§ DATA PROVIDED:
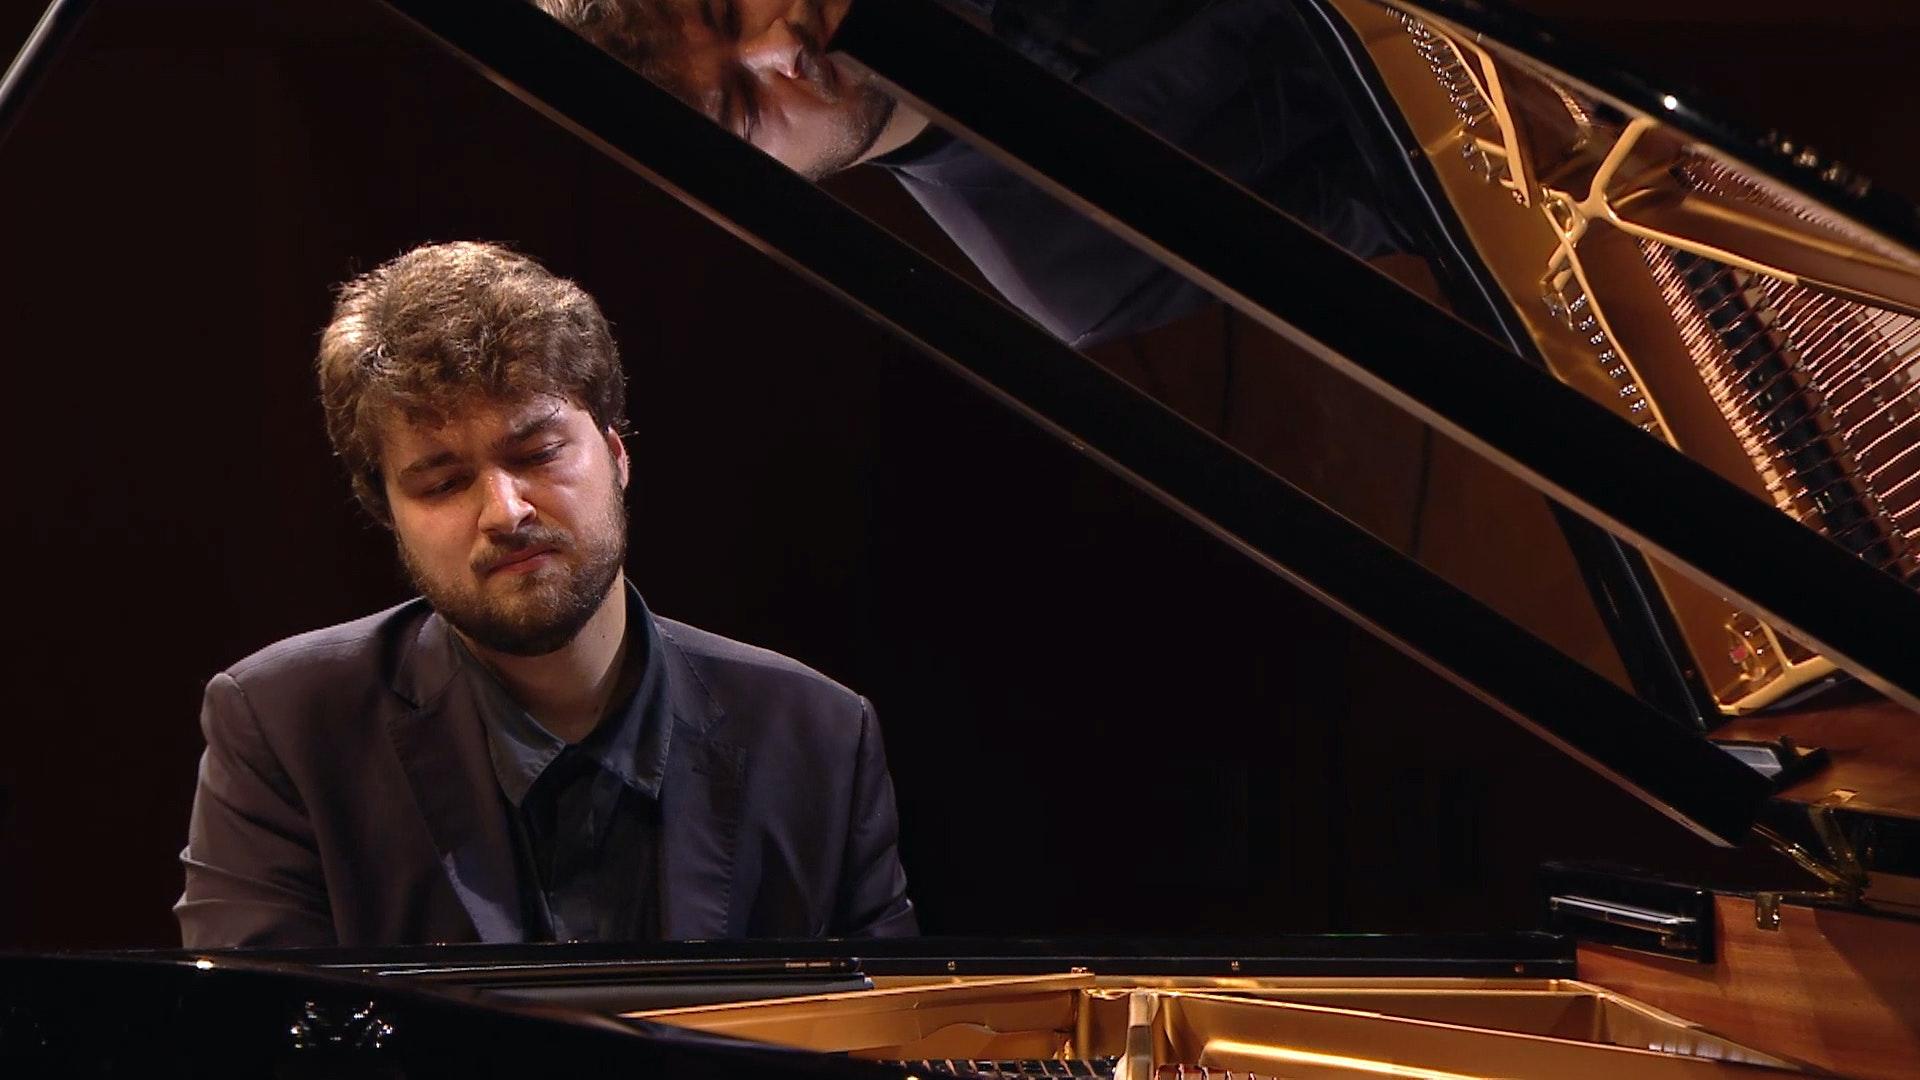 Lukas Geniušas joue la Sonate pour piano n°7 de Prokofiev
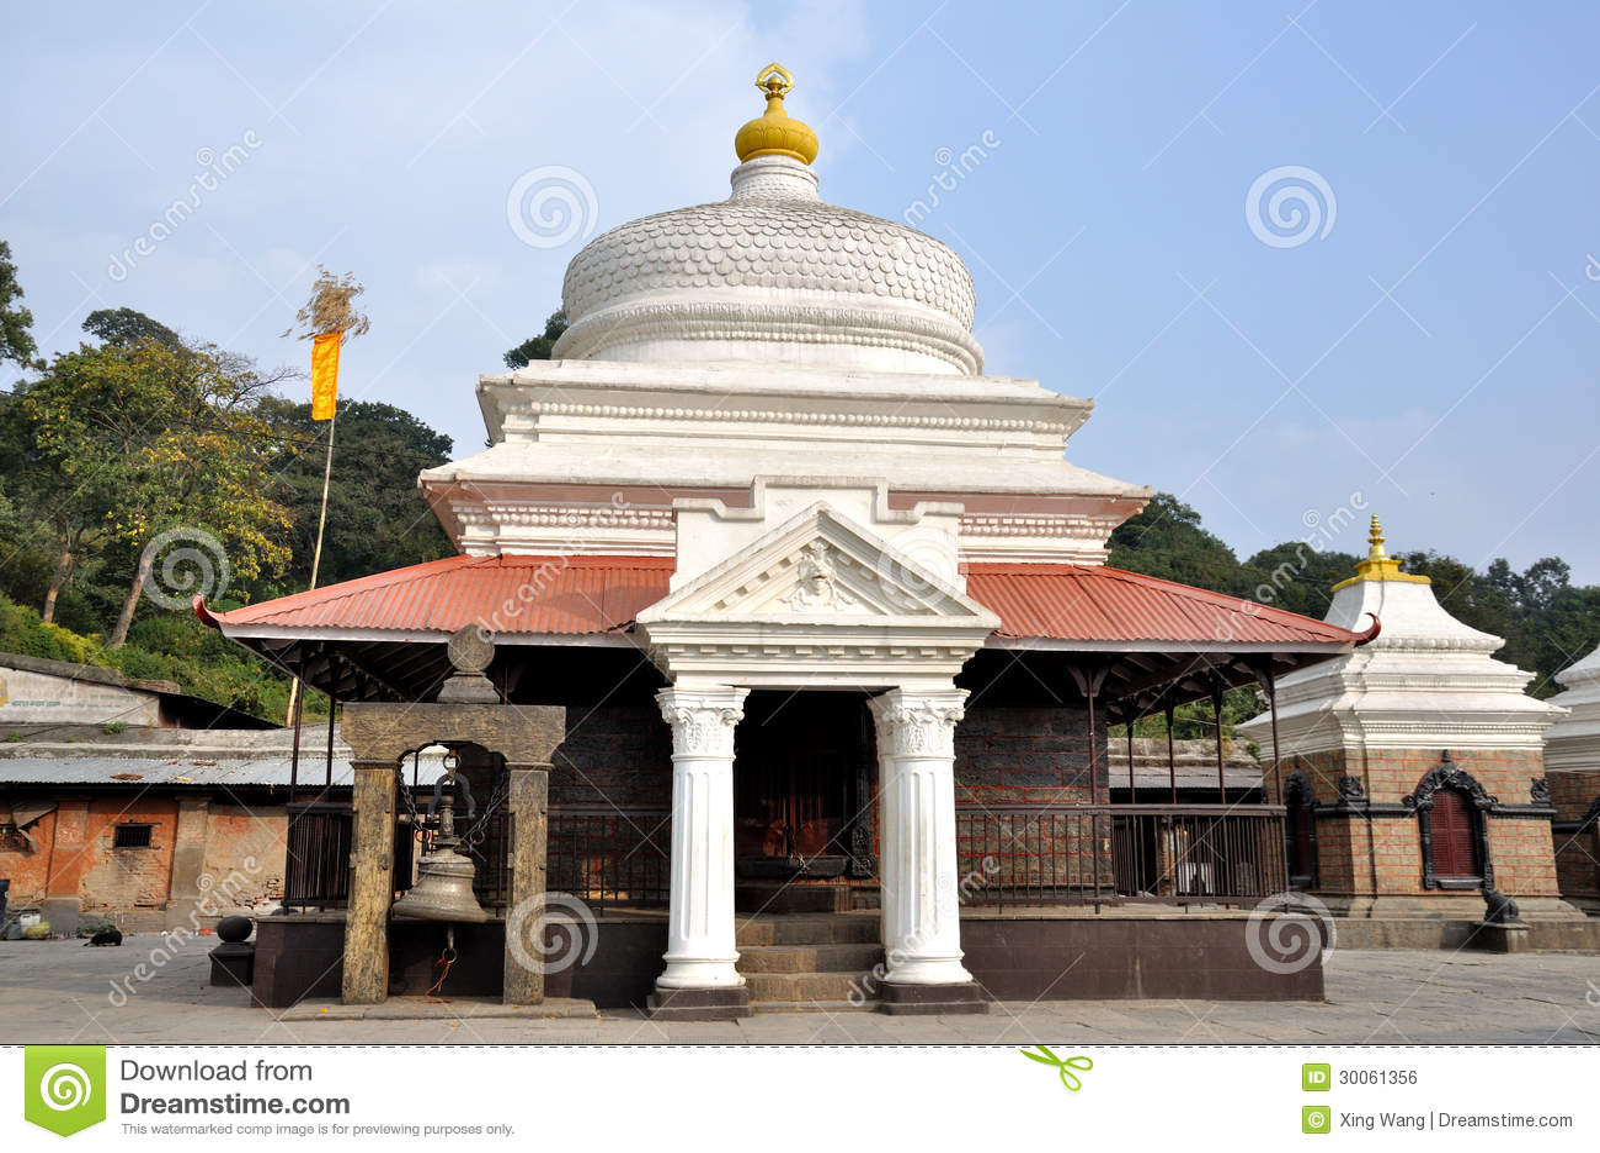 pashupatinath temple free -#main
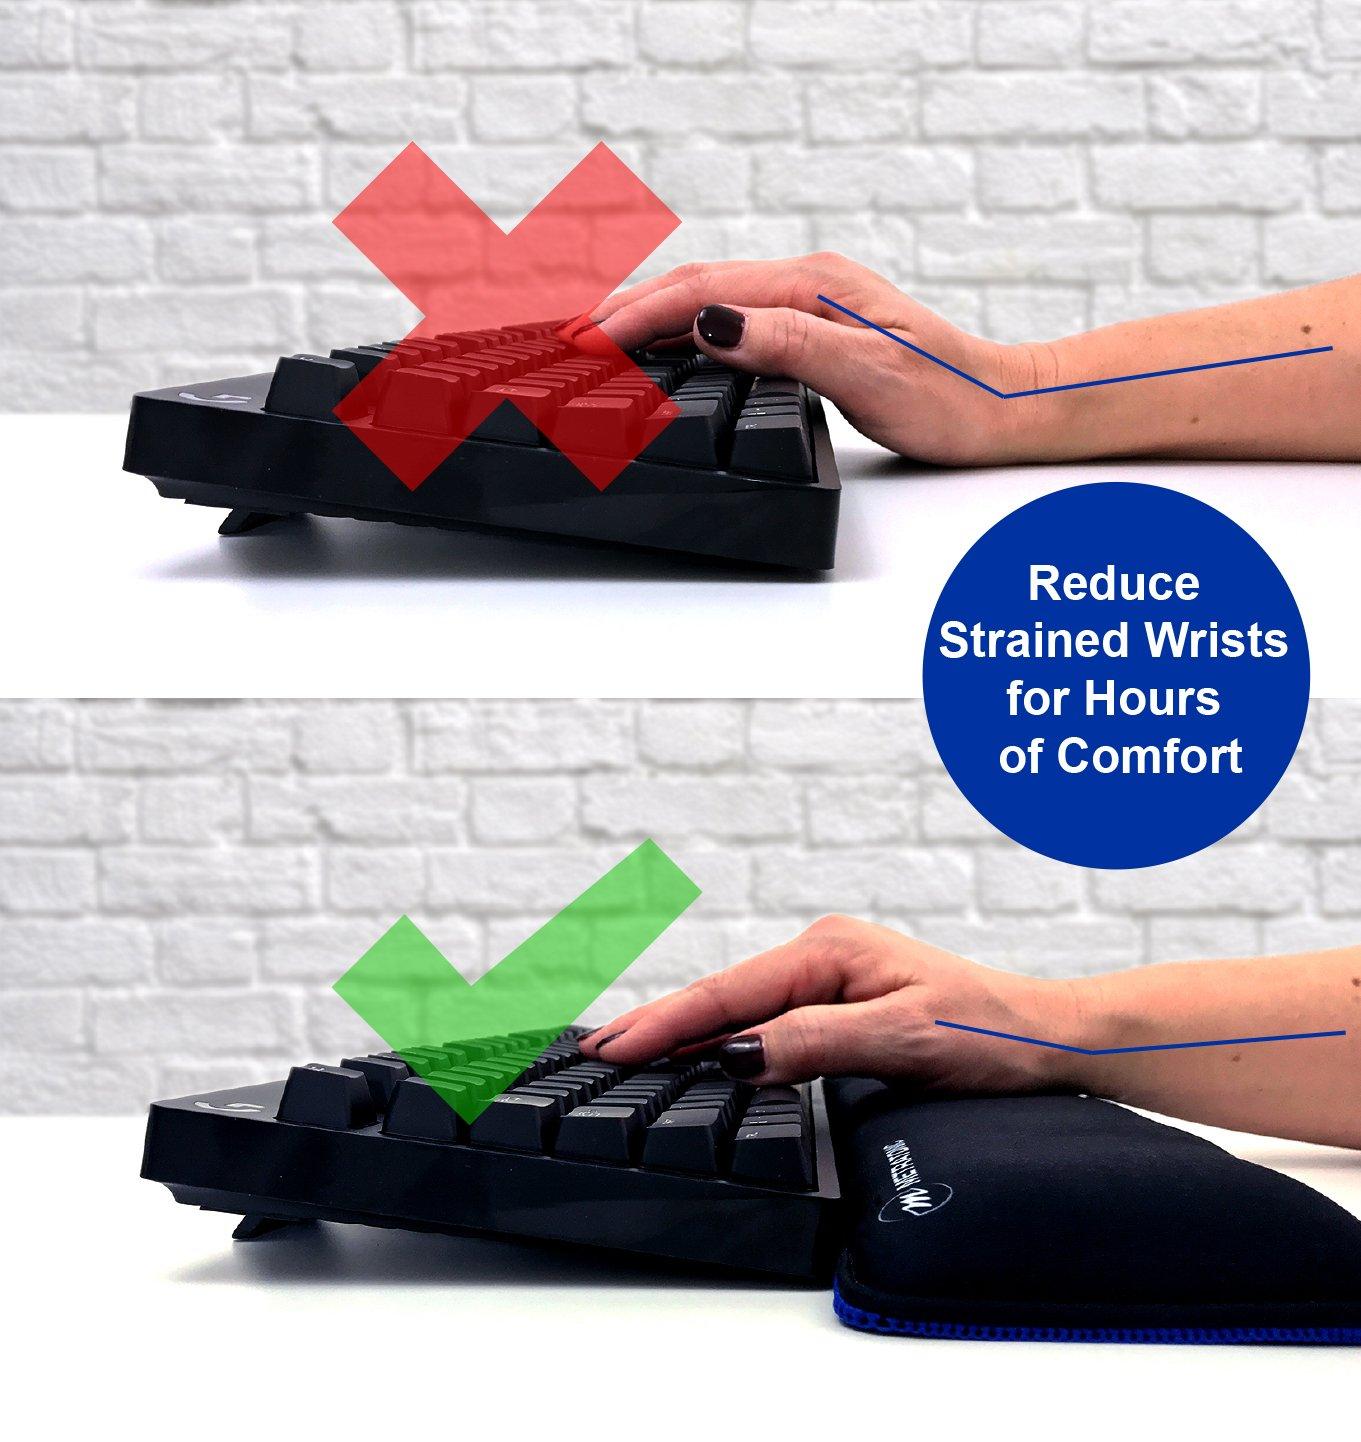 "XL Keyboard Wrist Rest/Wrist Pad, TENKEYLESS 14.5"" Long x 4"" Wide x 1"" Thick Padded Water Resistant, Ergonomic Memory Foam Gel, Anti-Fray Stitched Edges, Anti-Slip Rubber Base, Black | by Metratonic by Metratonic (Image #8)"

§ WHAT TO WORK ON:
An unaltered copy of the material, without images, should be set down.

§ COMPLETED EXERCISE:
 Lukas Geniušas joue la Sonate pour piano n°7 de Prokofiev
 pashupatinath temple free -#main
 "XL Keyboard Wrist Rest/Wrist Pad, TENKEYLESS 14.5"" Long x 4"" Wide x 1"" Thick Padded Water Resistant, Ergonomic Memory Foam Gel, Anti-Fray Stitched Edges, Anti-Slip Rubber Base, Black | by Metratonic by Metratonic (Image #8)"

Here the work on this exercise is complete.